Chrysler Sale Bars Future Tort Claims

I have read Judge Gonzalez’s Order of June 1 concerning the sale of substantially all of the assets of Chrysler to Fiat, and it certainly appears to me that the sale will cut off  future products liability claims. 

Here is the key language Pages 42 – 44 of  the Court’s Order.

Category (3) consists of tort and consumer objections. Those objections relating to  lemon law and warranty claims have been resolved by the modification of relevant language in the Fale order. An objection (ECF Docket No. 1231) was raised regarding an environmental claim, but the property to which the claim related is no longer owned by the Debtors and the objection is therefore overruled. Various objections were raised related to property damage claims and personal injury and wrongful death claims, including those which have not yet occurred. Some of these objectors argue that their claims are not “interests in property” such that the purchased assets can be sold free and clear of them. However, the leading case on this issue, In re Trans World Airlines, Inc., 322 F.3d 283 (3d Cir. 2003) (“TWA”), makes clear that such tort claims are interests in property such that they are extinguished by a free and clear sale under section 363(f)(5) and are therefore extinguished by the Sale Transaction. See id. at 289, 293. The Court follows TWA and overrules the objections premised on this argument. Even so, in personam claims, including any potential state successor or transferee liability claims against
New Chrysler, as well as in rem interests, are encompassed by section 363(f) and are therefore extinguished by the Sale Transaction. See, e.g., In re White Motor Credit Corp., 75 B.R. 944, 949 (Bankr. N.D. Ohio 1987); In re All Am. Of Ashburn, Inc., 56 B.R. 186, 190 (Bankr. N.D. Ga. 1986).

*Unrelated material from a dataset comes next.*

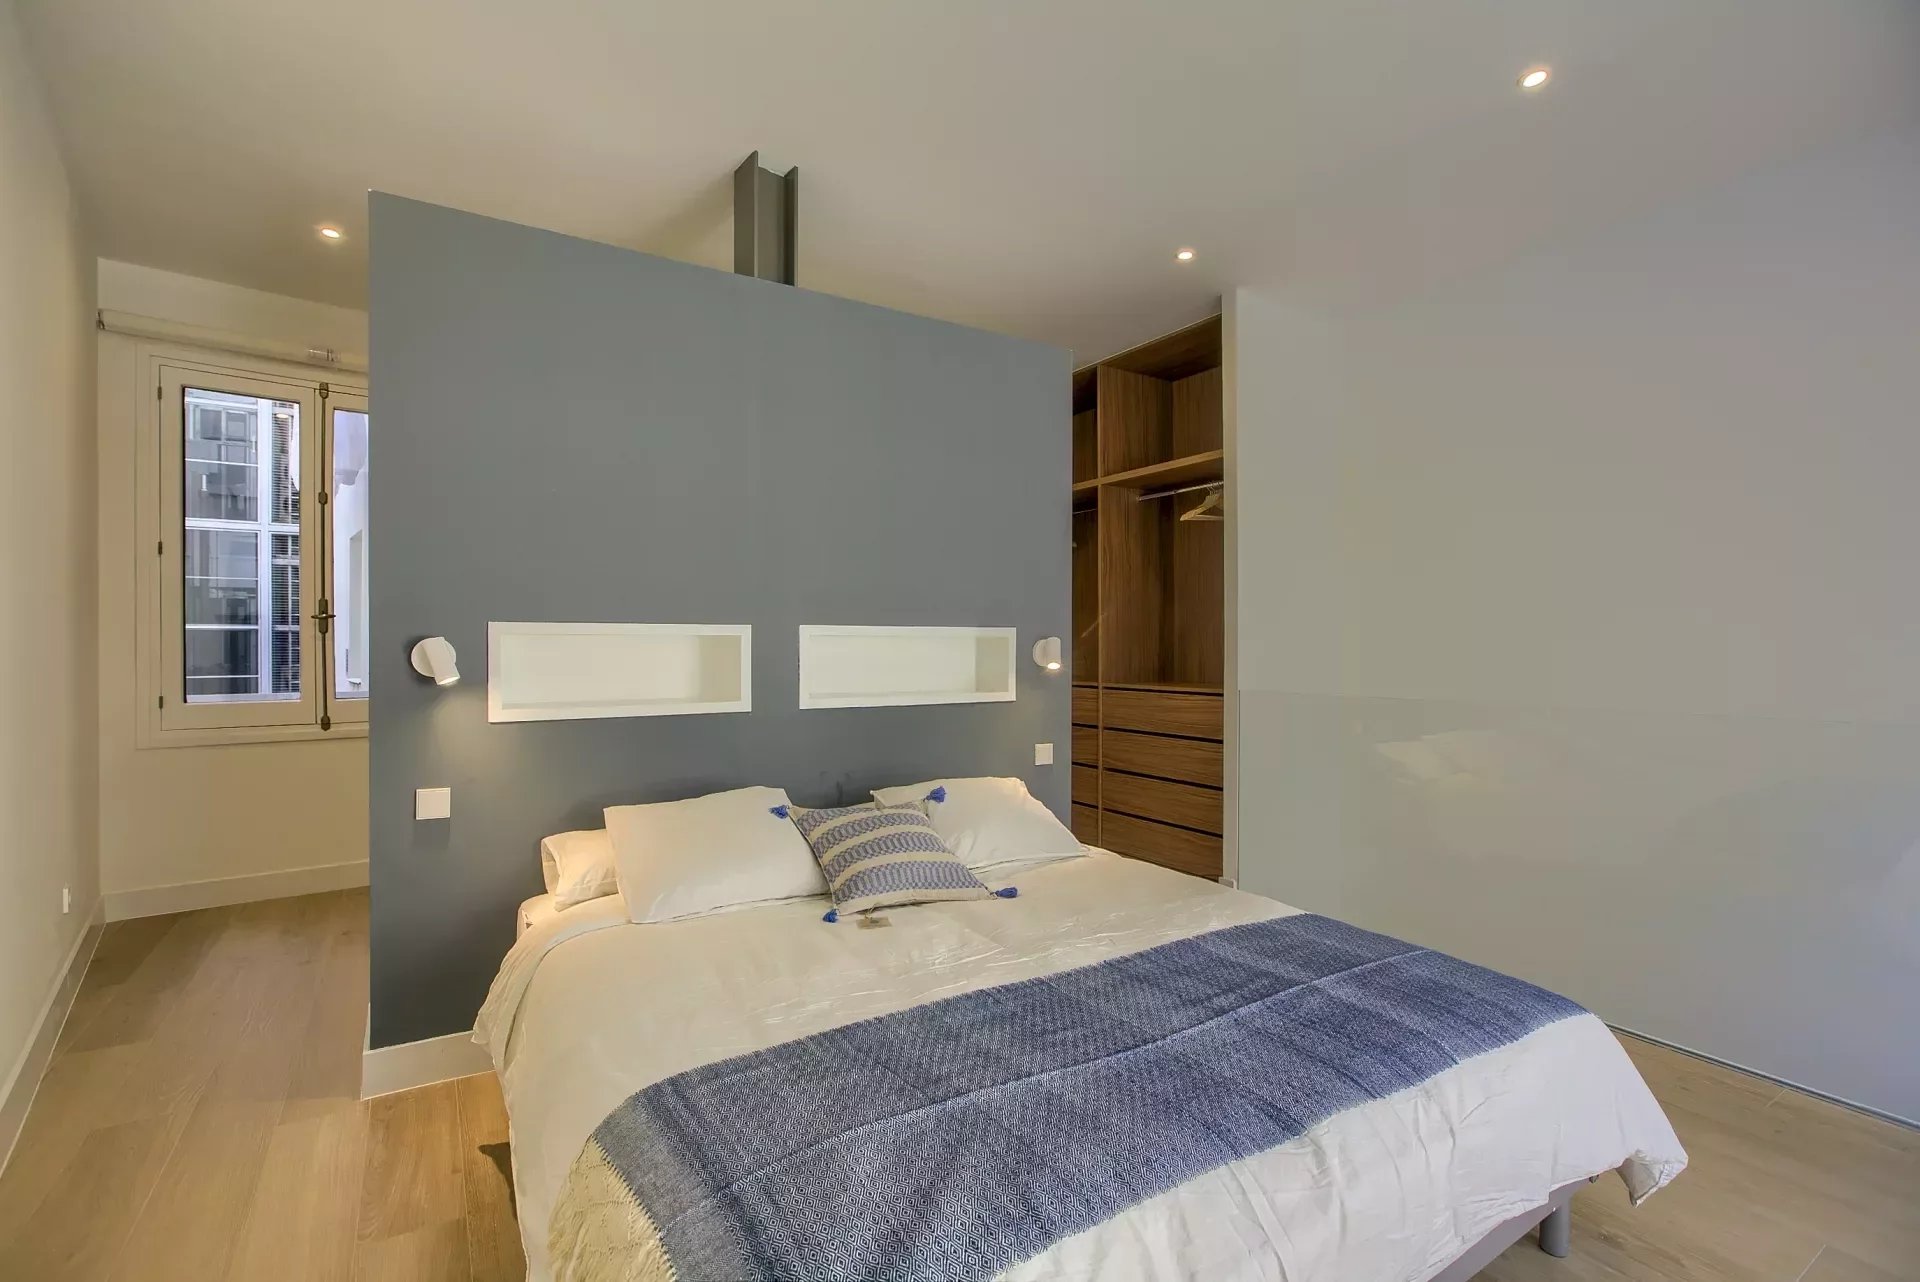 Madrid - Chamberi - Almagro - Triplex meublé de 2 chambres à coucher avec piscine privée - picture 11 title=
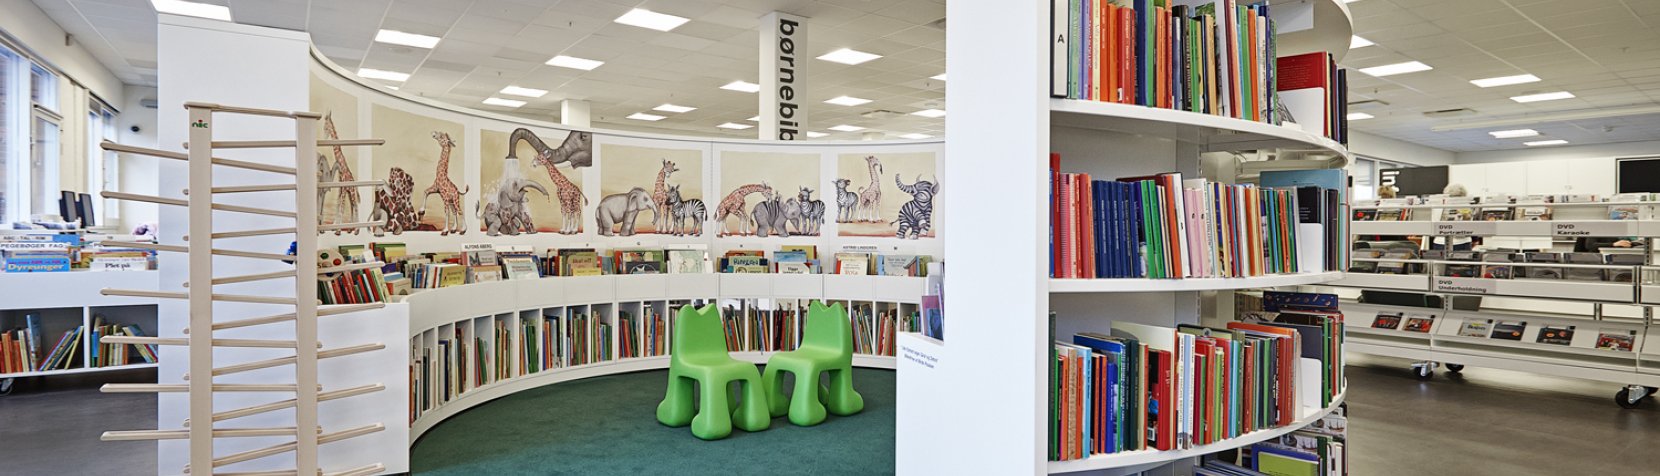 Holte bibliotek for børn

The Court also overrules the objections premised on this argument. Additionally, objections in this category touching upon notice and due process issues, particularly with respect to potential future tort claimants, are overruled as to those issues because, as discussed elsewhere in this Opinion, notice of the proposed sale was published in newspapers with very wide circulation. The Supreme Court has held that publication of notice in such newspapers provides sufficient notice to claimants “whose interests or whereabouts could not with due diligence be ascertained.” Mullane v. Cent. Hanover Bank & Trust Co., 339 U.S. 306, 317 (1950). Accordingly, as demonstrated by the objections themselves, the interests of tort
claimants, including potential future tort claimants, have been presented to the Court, and the objections raised by or on behalf of such claimants are overruled.
 

Other objections in this category are premised on the argument that a free and clear sale would be fundamentally unfair, inequitable, or in bad faith. The policy underlying section 363(f) is to allow a purchaser to assume only the liabilities that promote its commercial interests. See, e.g., In re New England Fish Co., 19 B.R. 323, 328-29 (Bankr. W.D. Wash. 1982); White Motor Credit, 75 B.R. at 951. Accordingly, objections premised on this argument are overruled. An objection in this category raised the Takings Clause of the Fifth Amendment, but this objection is overruled because the objector holds an unsecured claim, rather than a lien in some collateral that is property of the estate, which is a necessary prerequisite to a Fifth Amendment Takings Clause claim in the bankruptcy context. See U.S. v. Security Industrial Bank, 459 U.S. 70 (1982).  The same objection also raised the issue of the break-up fee being excessive, but this objection is overruled as untimely because that fee was approved in the Bidding Procedures Order and is not implicated since the assets are being sold to the original bidder. Another objection related to an asbestos claim raised both the failure to comply with section 524(g) and that the Sale Transaction improperly provides for the release of third parties, but this objection is overruled as to both issues because section 524(g) is inapplicable to a free and clear sale under section 363 and the Sale Transaction does not contain releases of third parties. Such claims can still be asserted against the Debtors’ estate. Other objections in this category which contend that the Sale Transaction is a sub rosa plan are overruled as to that issue but are addressed by the relevant sections of this Opinion.

What is unclear to me under this Order does, if anything to existing claims and judgments.  I will try to determine what is going there and let you know.

I am confident  that an appeal will be filed.

This decision, if it stands, will have an impact on component part manufacturers.  To the extent that a part fails you will see plaintiffs going directly to the component part manufacturer and not to Chrysler – the entity that injected the product into the stream of commerce.

But design claims?  Unless Chrysler out-sourced its design work, those claims will be gone unless state law permits a claim against the dealer.  Tennessee permits products liability claims against the retailer of a new product  if the manufacturer of the product is insolvent.  Of course, a lot of dealers are going out of business, but many of them have liability insurance that will provide some amount of monies who those who can prove that the vehicle was sold in a defective or unreasonably dangerous condition.